DR Jennifer,
Kim Yu-Na said she felt her left foot vibrating during the skate and that's why she was so distracted. Clearly something was amiss because she was making errors in simple things like entry in a camel spin and her footwork that she seemed to get lost in doing. As I said last night, she was given very generous marks, I thought, with the kinds of basic mistakes she was making.

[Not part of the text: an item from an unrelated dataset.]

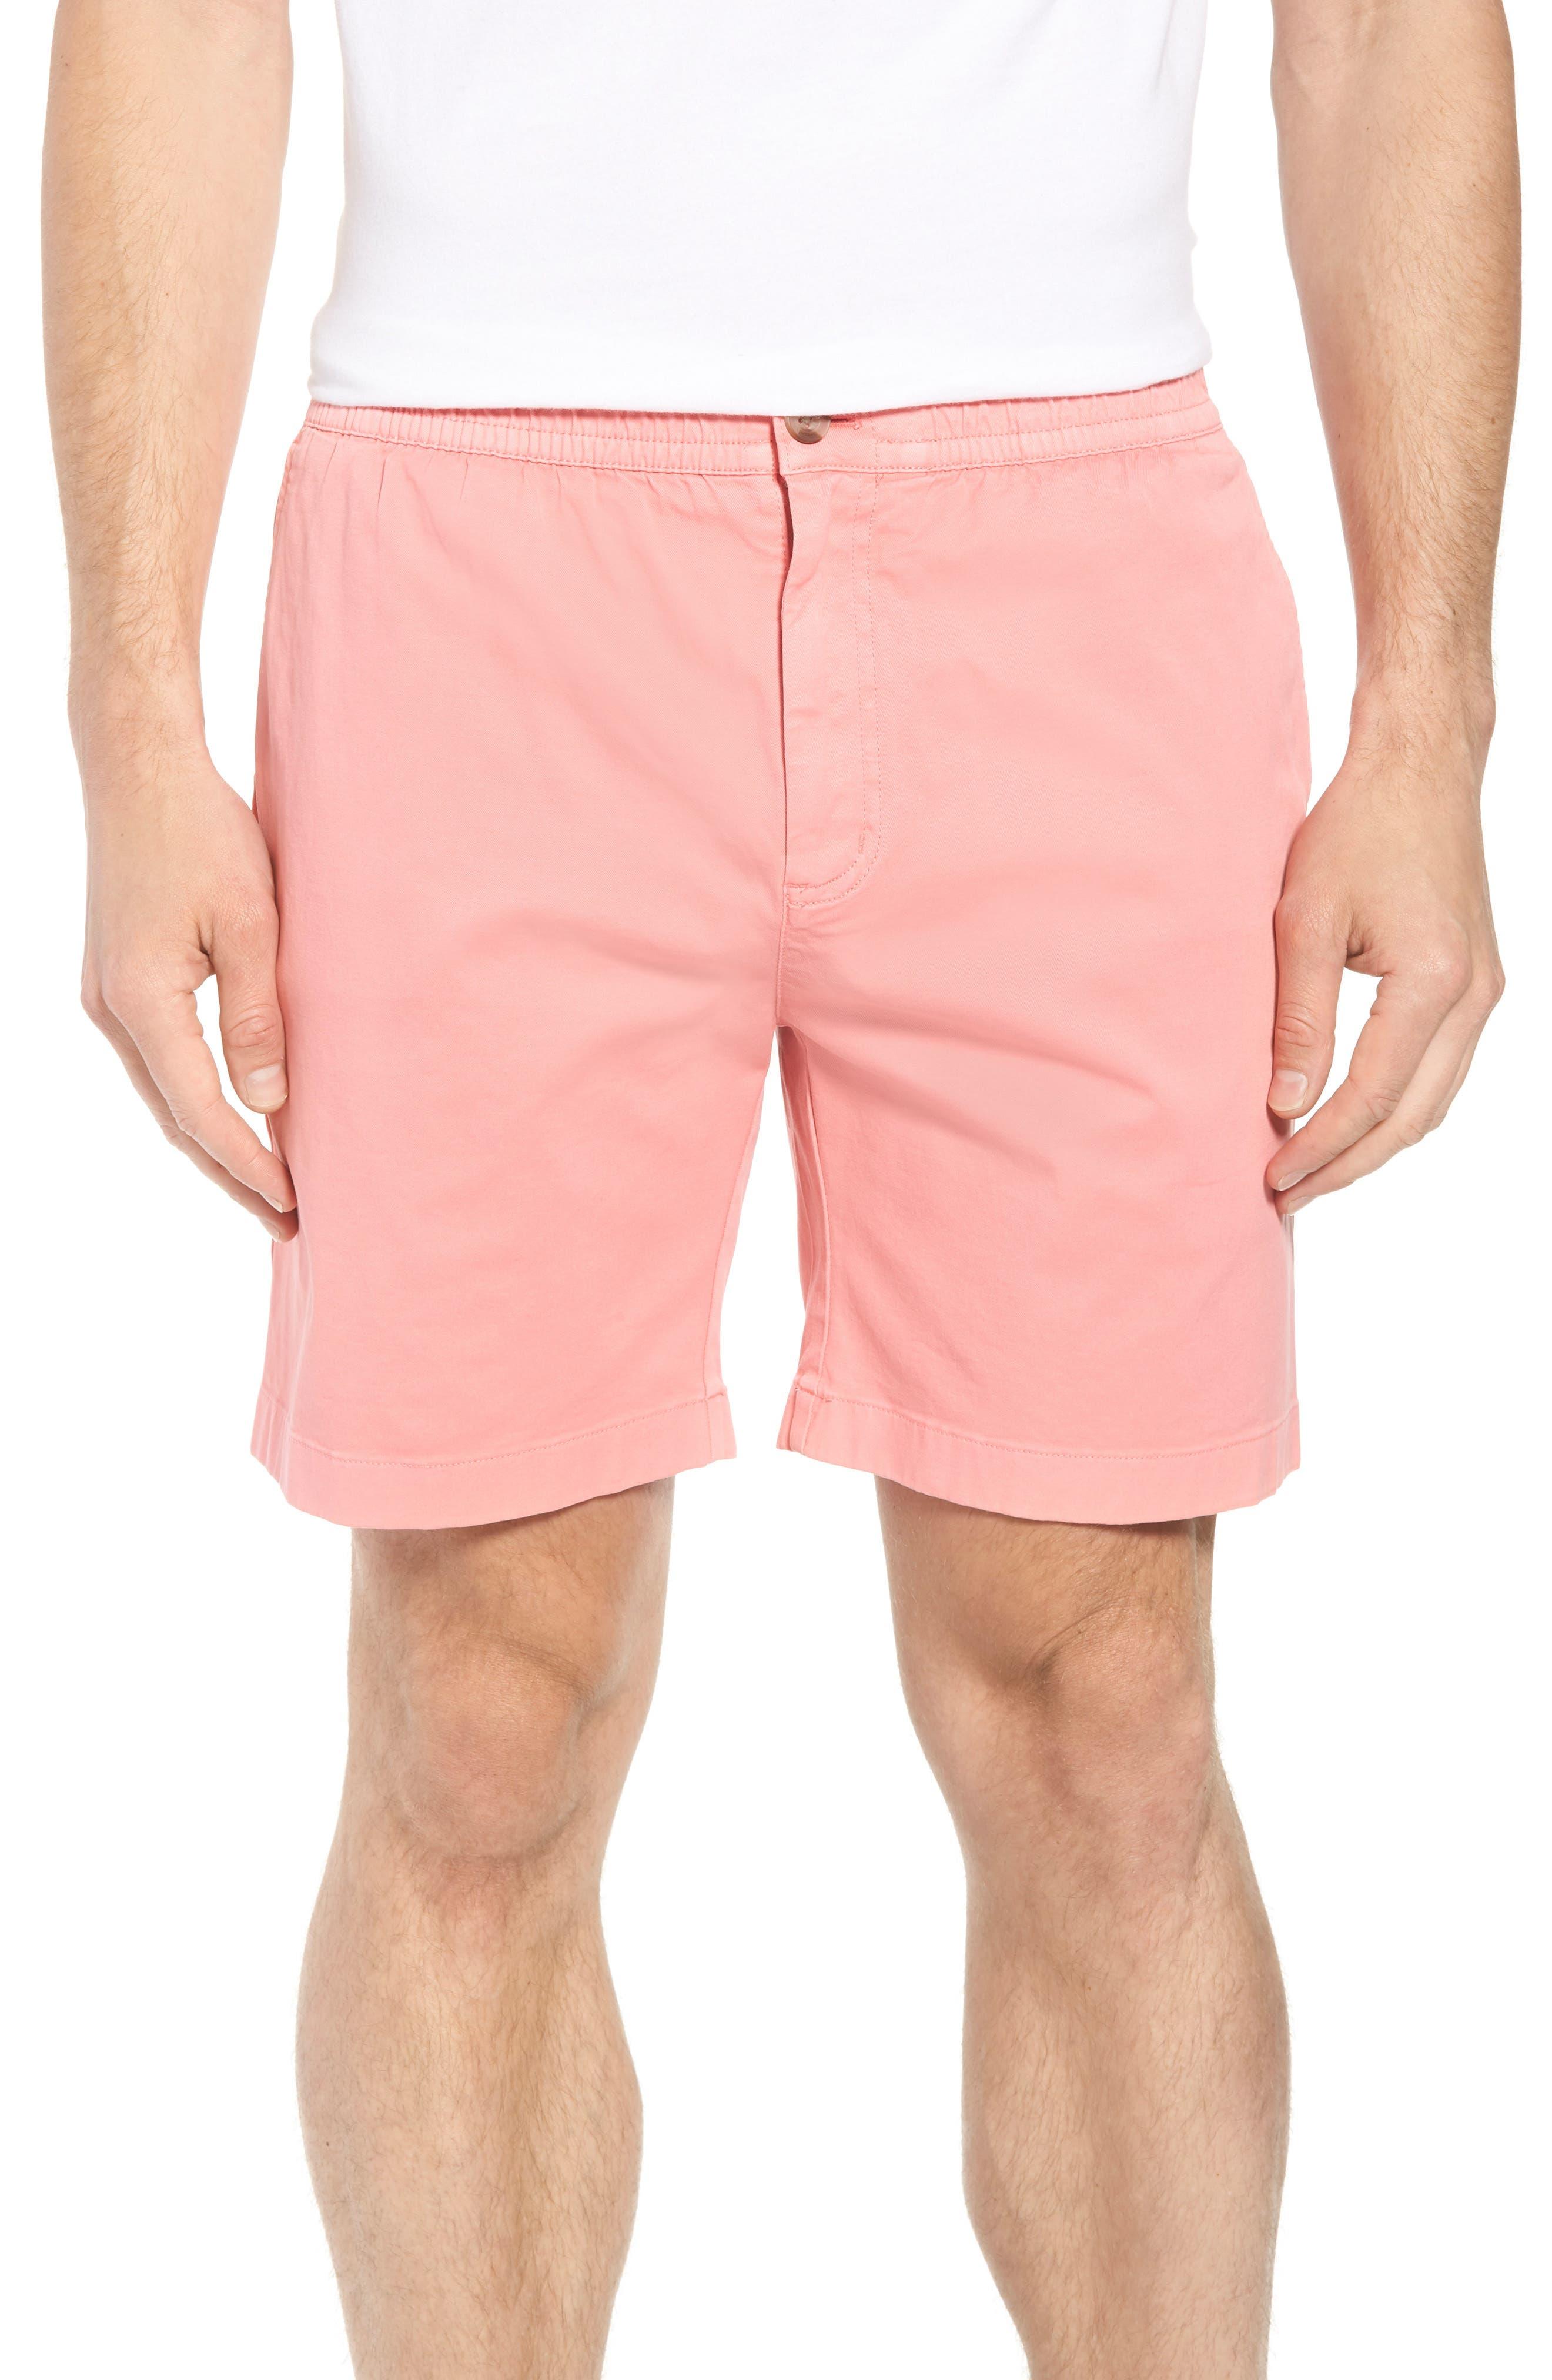 Jetty Stretch Cotton Shorts,                         Main,                         color, Cape Coral

But certainly she can still win or at least land on the podium if she skates her very best and is helped along by generous judges while others don't do their best. Stranger things have happened.
Very generous, indeed.
That clumsy, missed entrance to a spin went a full revolution, and the subsequent "good spin" should not have counted. As that was a required element, she should have gotten ZERO points for it (according to Peter Carruthers and Johnny Weir). That same reasoning applies to the incomplete spiral sequence...there should have been NO credits given for what was -- by the book -- a second missed element in a program requiring completion of regulated elements.
Yu-Na was given a present. And, yes...she can easily win if she skates perfectly in the free skate. She beat her competitors in the long program at the Olympics by 20-plus points. She's only 9 points behind Mirai Nagasu after the short program.
All of that said, however, it WAS Nagasu who lit up the arena and skated better than anyone I saw. I, frankly, don't find Yu-Na Kim very interesting on ice. Lovely, but distant...no sparkle or connection with the camera audience that I can discern.